These mildly hyperglycaemic mice with blood glucose concentrations of 15.82±2.28 mmol/l (n=8) showed a reduction in blood glucose concentrations after treatment with EGF- and gastrin-filled pumps. By day 11 after alloxan treatment blood glucose concentrations were significantly reduced to a mean value of 7.88±0.94 mmol/l (p<0.01) and on the day these mice were killed (day 15 after alloxan treatment) blood glucose concentrations were 9.10±0.94 mmol/l (p<0.01). At day 15, histological analysis showed that the insulin immunoreactive area was 0.26±0.08%, whereas in alloxan-only mice at day 8 the value was 0.09±0.01% (p<0.05). Islet density was 2.6±0.8 per 10 mm2 in the alloxan + pump** group versus 0.4±0.1 per 10 mm2 in the alloxan-only group (p<0.01). Pancreatic insulin content was significantly higher in the former (p<0.01; 52.5±14.2% of control pancreata), whereas it was reduced to 8±2% in alloxan-only mice analysed on day 8.

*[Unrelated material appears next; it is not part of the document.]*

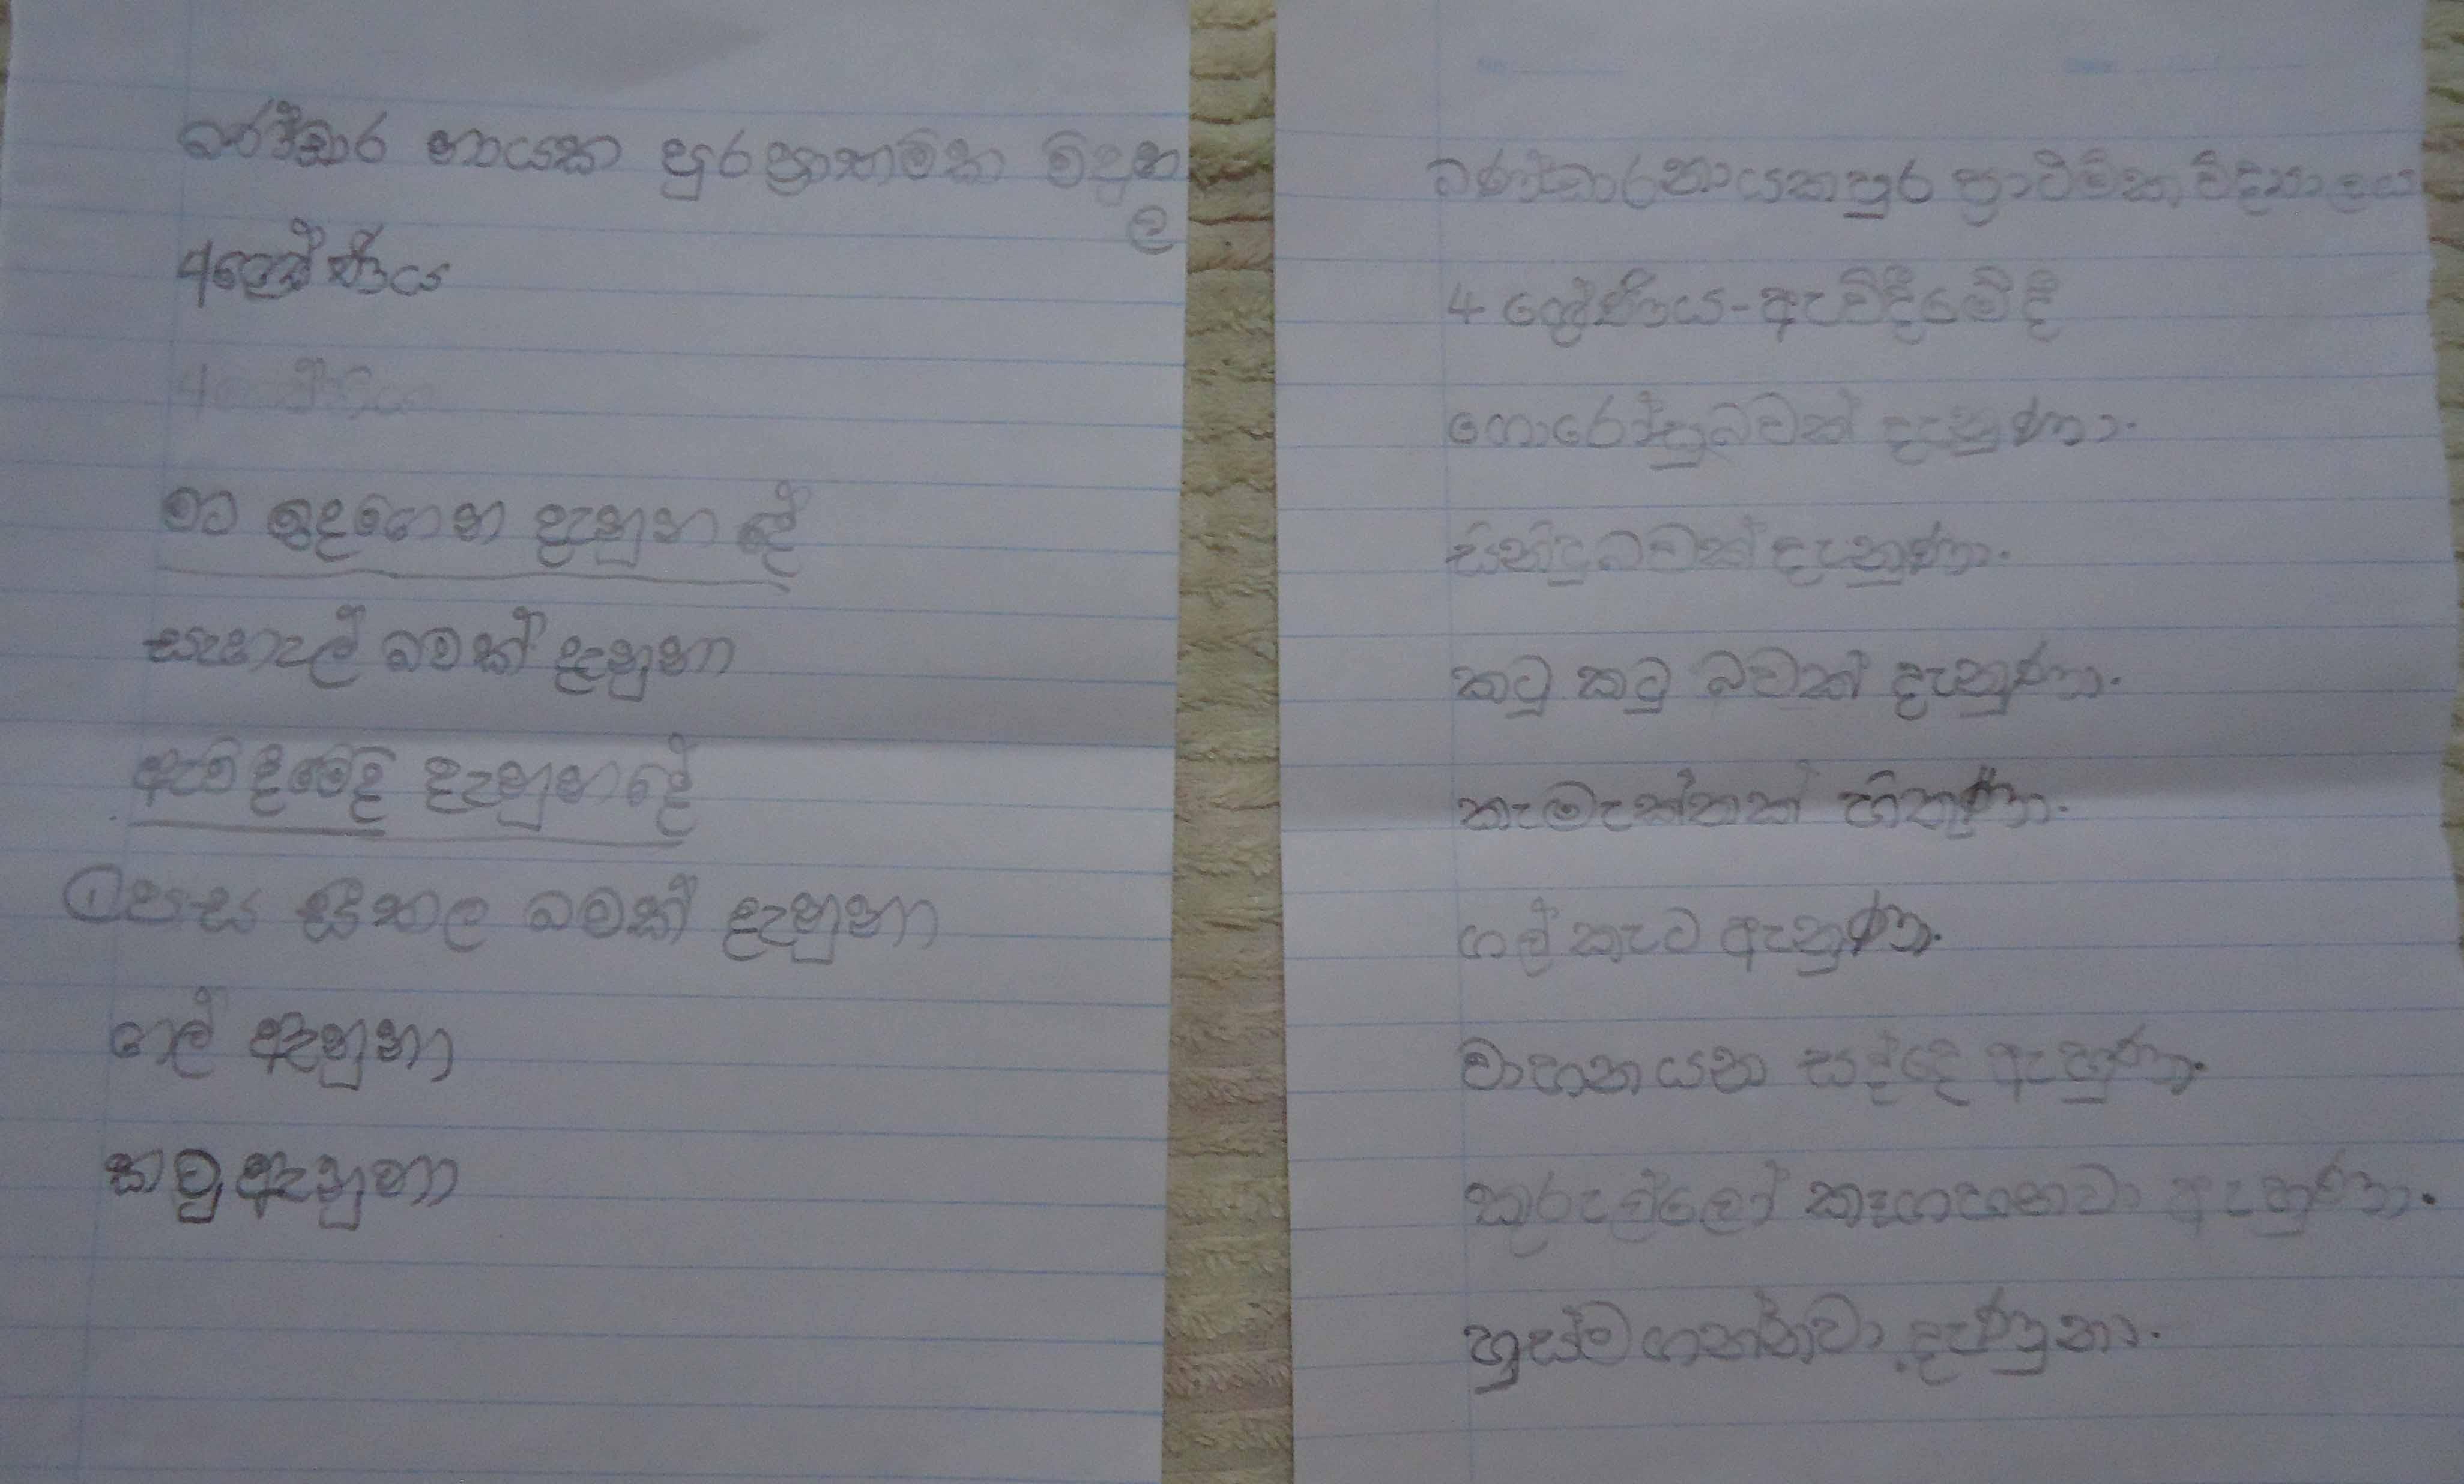 Feedback from students-WP GM Bandaranayakepura Primary School, Kirindiwela (2)

Effects of EGF + gastrin therapy on pancreatic cell proliferation and neogenesis of insulin-producing cells
We did not detect differences in the BrdU labelling index of insulin positive-cells between the alloxan + pump group (0.2±0.1%, n=5) and the control mice (0.2±0.1%, n=5). The beta cell count was insufficient in the alloxan-only group, because most beta cells had been destroyed. However, the BrdU labelling index of exocrine duct cells was higher in the alloxan + pump group (1.5±0.1%, n=8) than in the alloxan-only group (0.4±0.1%, n=10; p<0.01). The value in the alloxan-only group was also higher than in control mice (0.2±0.1%, n=5; p<0.05). In the pump-only group, the duct-labelling index was also increased (1.5±0.4%, n=5; p<0.01) and comparable to the alloxan + pump group. We noted regional differences in the proliferative response of the duct cells, and that in some pancreatic lobes the response was higher than in others. In control mice no regional differences were observed.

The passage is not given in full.